Global network properties are not sufficient to characterize the difference between patients and healthy subjects

It has been demonstrated that the degree distribution, P(k), of brain FNs for healthy subjects often follows power-laws, (Eguíluz et al., 2005), or exponentially truncated power-laws (Bullmore and Sporns, 2009). In patients, one might expect some sort of deviation from a power-law distribution. Our numerical results, however, do not show evidence in support of this hypothesis, since P(k) does not show a clear qualitative difference between healthy and patient groups (see Fig. S3, SM-IV B).

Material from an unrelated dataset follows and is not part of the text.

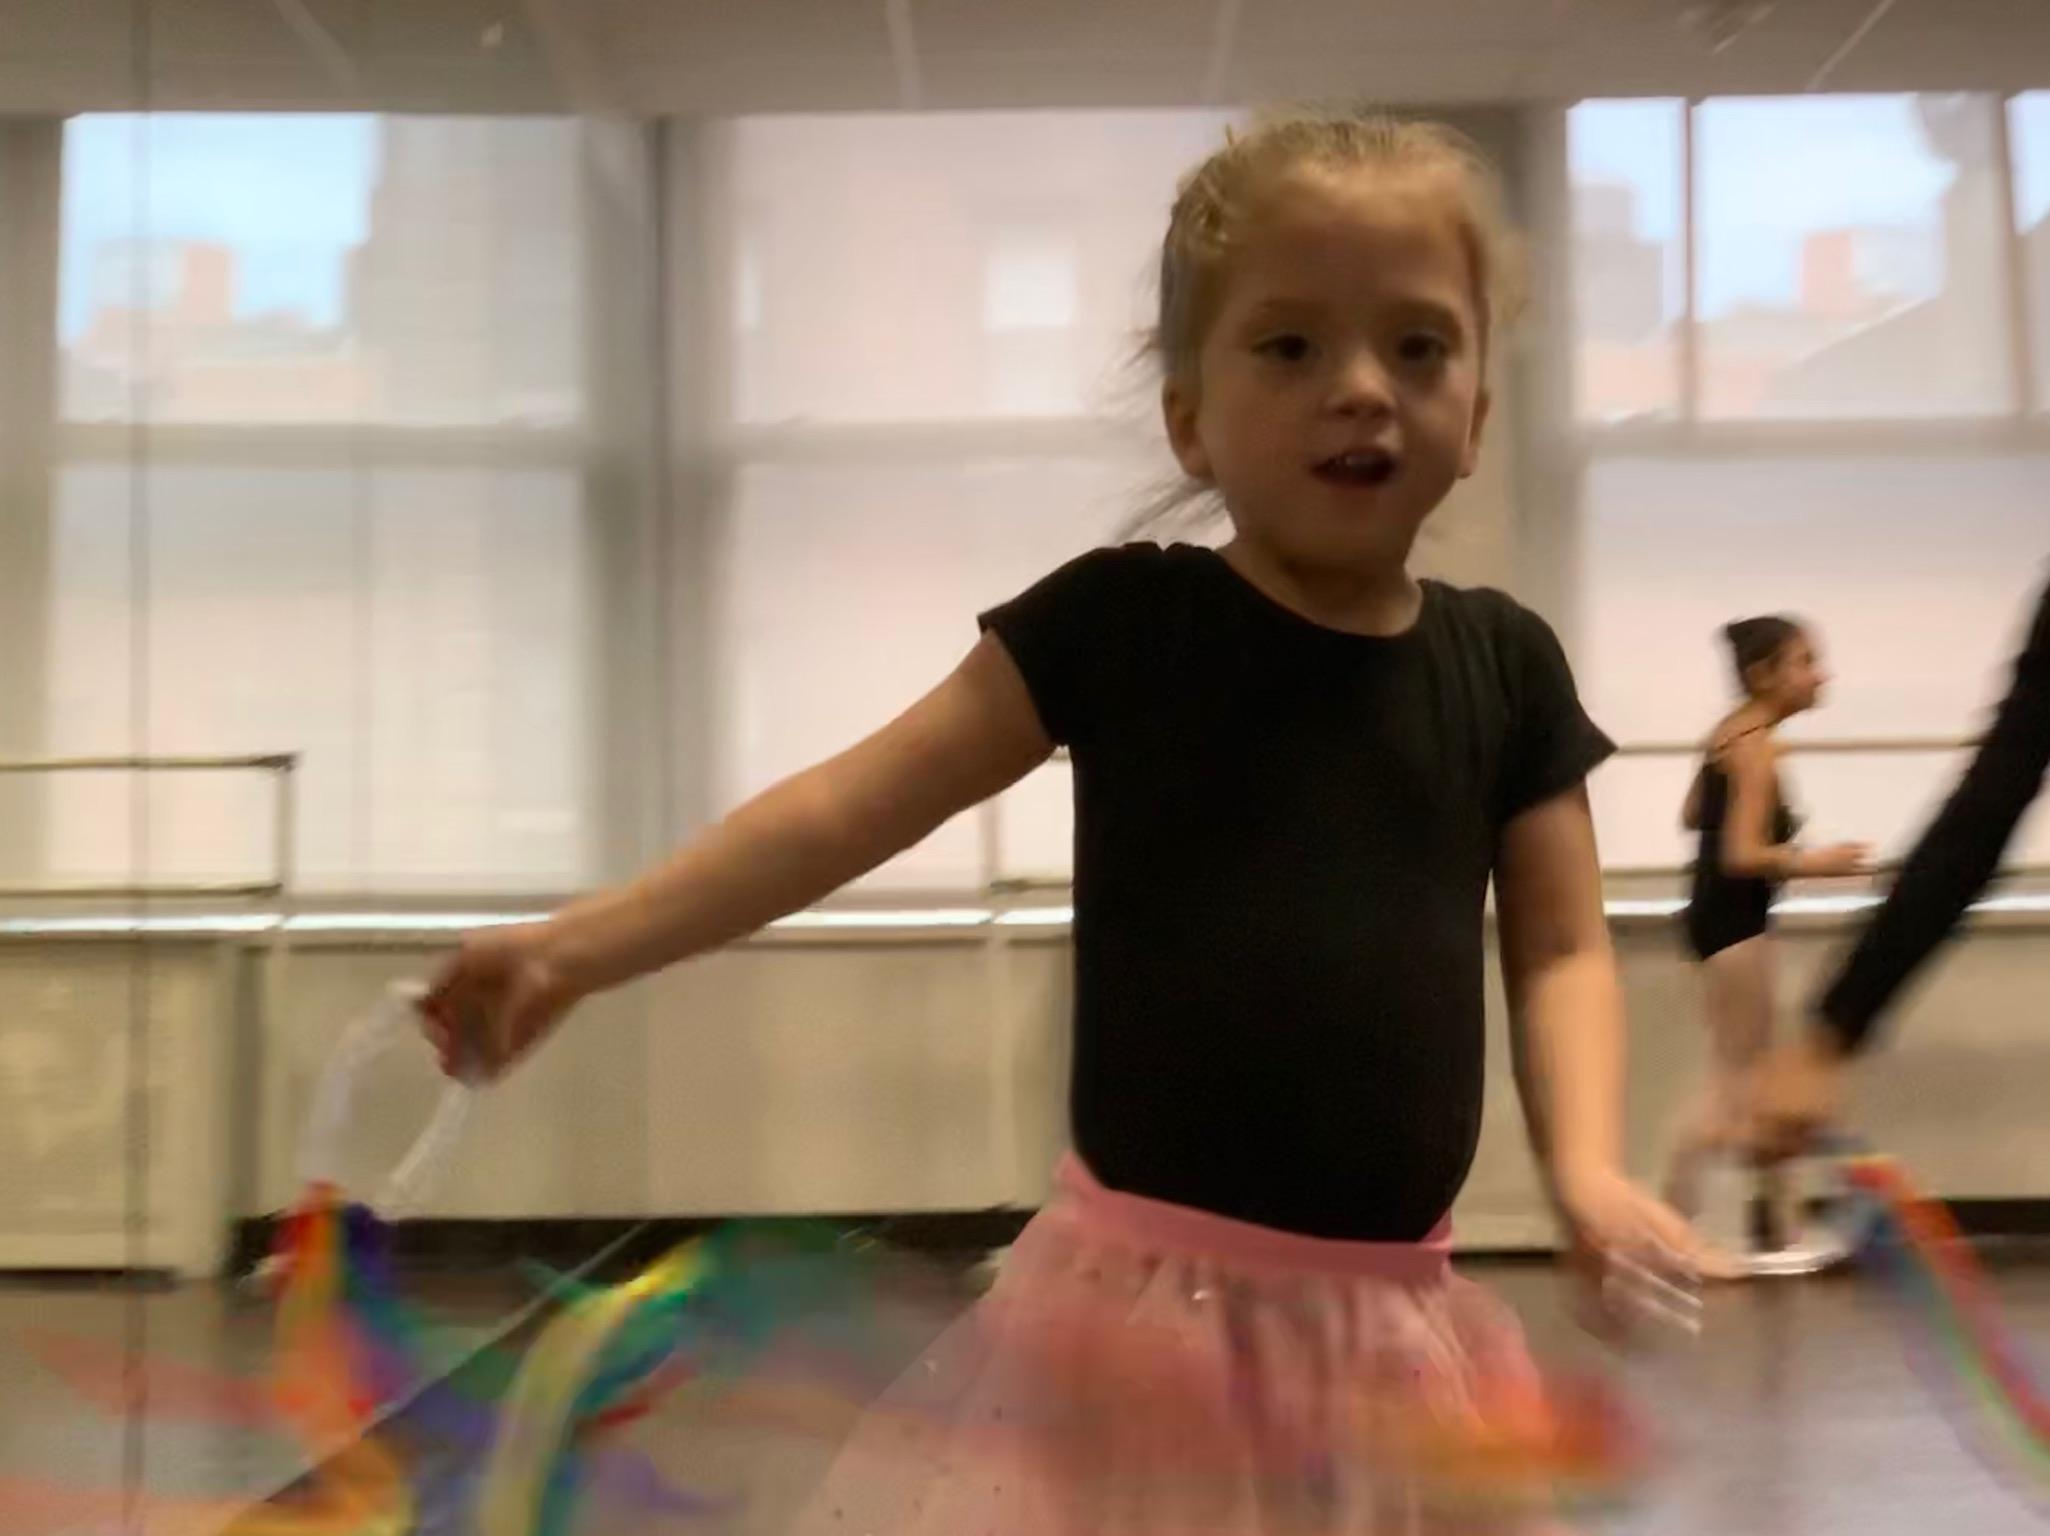 Blurry Ballerina
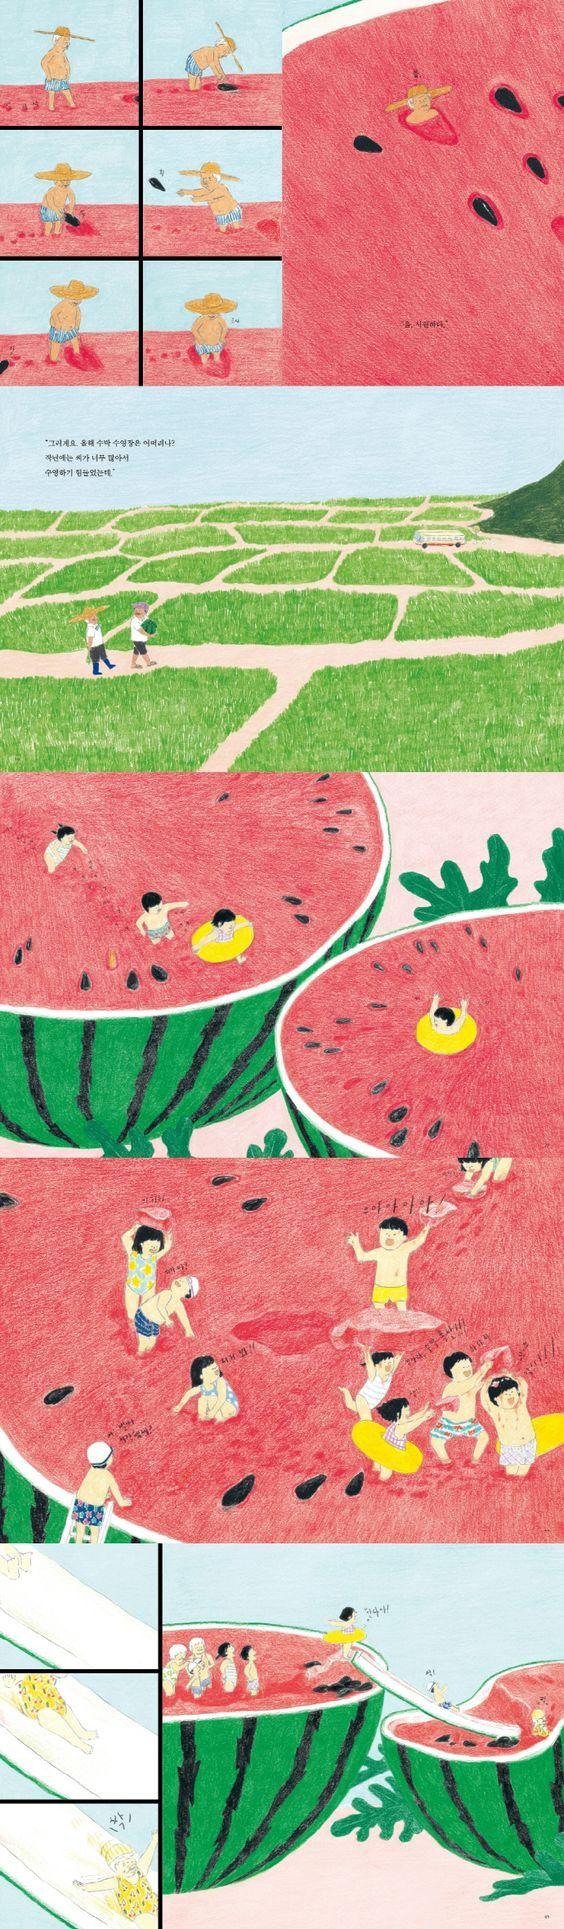 Watermelon swimming pool by Bonsoir lune:

Further, we considered various network structural measures (Bullmore and Sporns, 2009; Newman, 2003) as potential candidates for discriminatory statistics: clustering coefficient ; average shortest path length ℒ; modularity ; transitivity ; assortativity ℛ; and entropy of degree randomness (Fig. S4, SM-IV C). By two-sample t-tests based on global network measures, we concluded that no significant differences were captured, although pronounced clinical differences were observed between these two groups. Instead, all results suggested consistently that both healthy and patient groups share some general network properties, such as small-worldliness and modularity. Furthermore, we establish the statistical significance on the network level through the connection rewiring method (Newman, 2003) (see Fig. S4, SM-IV D for statistical significance). Thus, these general network measures do not indicate which brain areas play a decisive role in the reorganization of functional connections. This finding calls for more sensitive network markers of brain disorders, focusing on local properties.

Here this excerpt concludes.